In the example above we see two commands: ``PING`` and ``DSNEW``. ``PING`` command takes no arguments
where as ``DSNEW`` takes two additional parameters. Response messages are also arrays, but of fixed 3 item size:

[200, None, None]
[400, None, "error message"]

First item in the response list is response code.
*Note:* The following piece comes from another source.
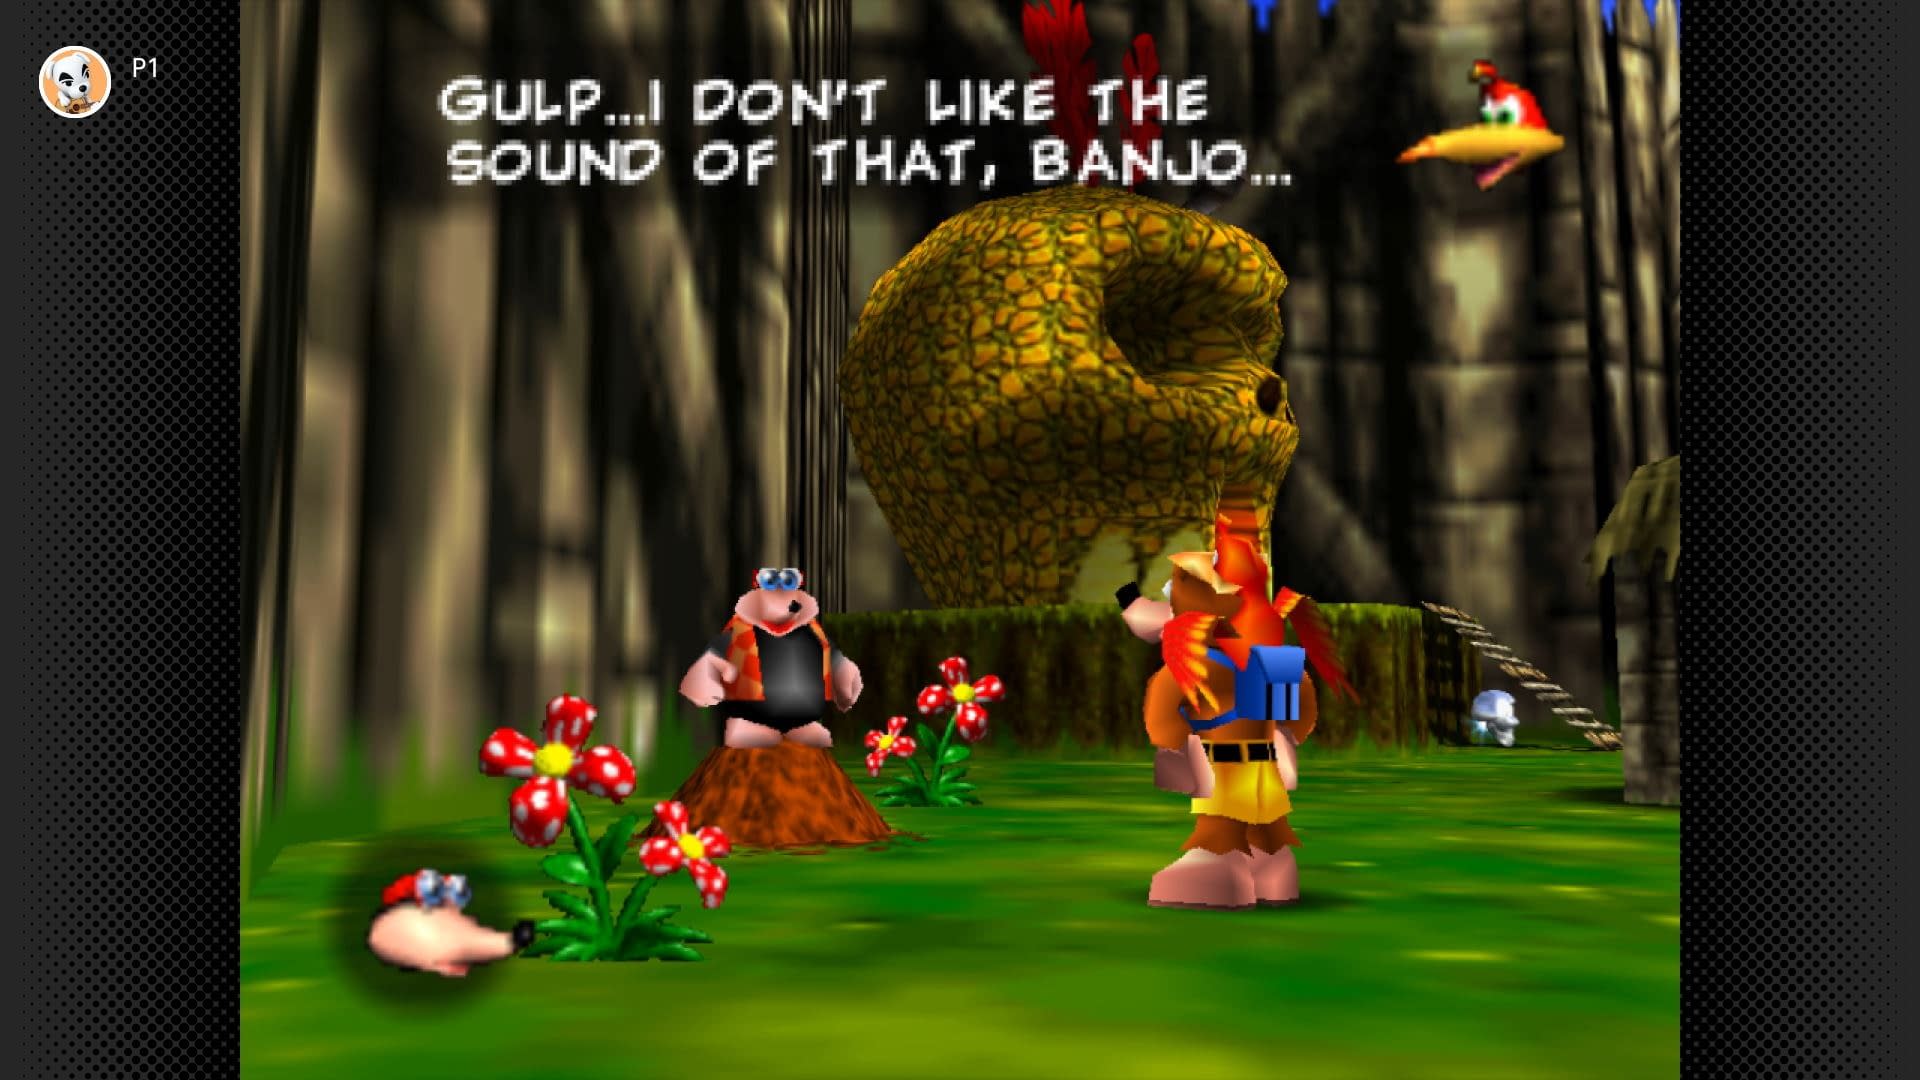 Banjo-Kazooie is coming to Nintendo Switch Online + Expansion Pack

Response codes fall into 3 categories: success (`2xx`),
user error (`4xx`) and server error (`5xx`). Second response argument is the response data, if any. Final
element is the error message.

### Commands ###

* `PING` - Pings the server, a noop command.
* `SHUTDOWN` - Shuts down the server.
* `DSNEW ` - Creates a new dataset with the specified number of columns.
* `DSLIST` - Lists all available datasets.
* `DSAPPEND ` - Append data to the existing dataset. Data is a list of numbers and must be column aligned.
* `MODNEW ` - Create a new model. Currently only ``linear_regression`` is a valid model type.
* `MODBUILD []` - Build given model.
* `MOPREDICT [model specific data]` - Uses given model to make a prediction.